The core problem LiteLLM solves is provider lock-in at the code level. Every LLM provider has its own SDK, its own request format, and its own response schema. If you start with OpenAI and want to try Anthropic, you rewrite your API calls, handle different error formats, and parse a different response structure. LiteLLM eliminates this by standardizing on the OpenAI format for all providers. Switching from model="gpt-4o" to model="claude-sonnet-4" is a one-line change.

LiteLLM comes in two forms. The SDK is a Python package you import directly into your application. The Proxy Server is a standalone service that exposes an OpenAI-compatible HTTP endpoint. The proxy adds operational features — load balancing across API keys, rate limiting per user or team, virtual API key management, and a spend tracking dashboard. Most production deployments use the proxy.
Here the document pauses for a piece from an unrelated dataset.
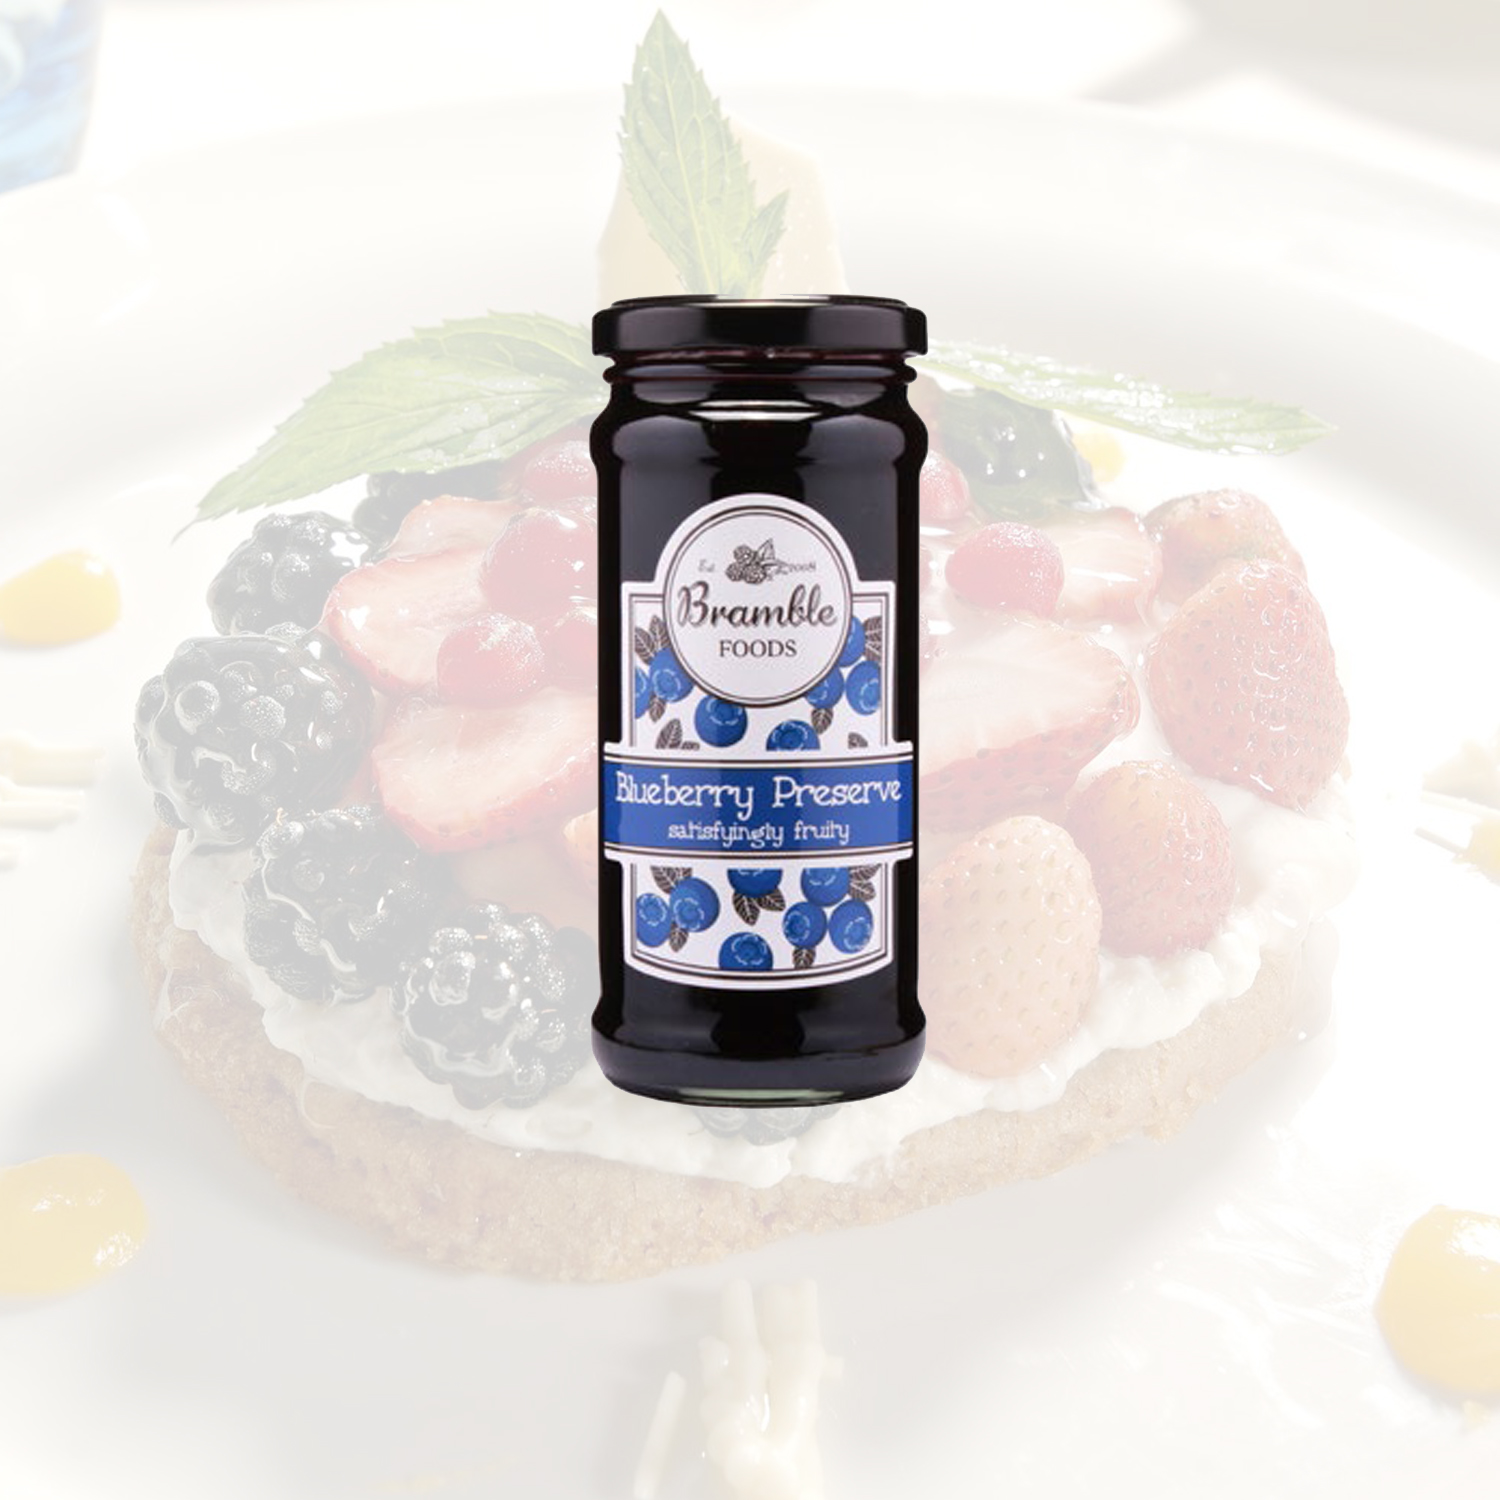 Blueberry preserve - Bramble Foods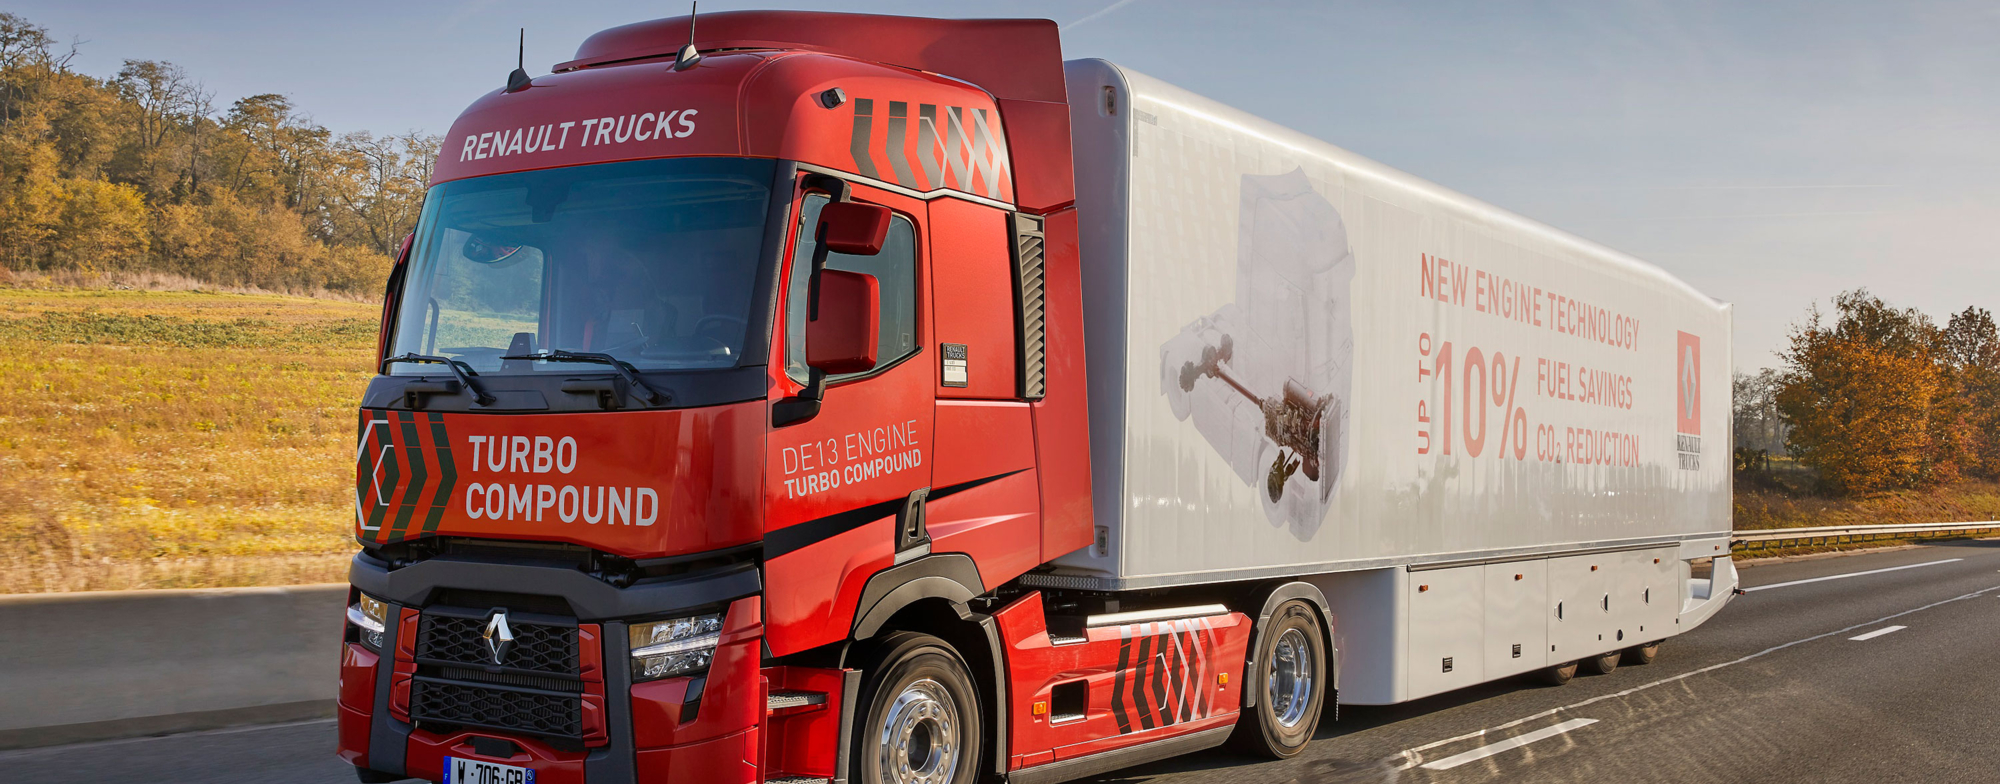 Bluekens-Renault-Trucks-10-procent-brandstofbesparing-1

LiteLLM has become one of the most popular open-source LLM gateways, with over 18,000 GitHub stars. It is widely used in AI agent frameworks, internal developer platforms, and multi-model applications where teams need to route different tasks to different providers without maintaining separate integrations for each.

How LiteLLM Works

Unified Completion Interface

You call litellm.completion(model="provider/model-name", messages=[...]) and LiteLLM maps the request to the correct provider API. It handles authentication, request formatting, and response normalization. The response always comes back in the OpenAI format regardless of which provider served it.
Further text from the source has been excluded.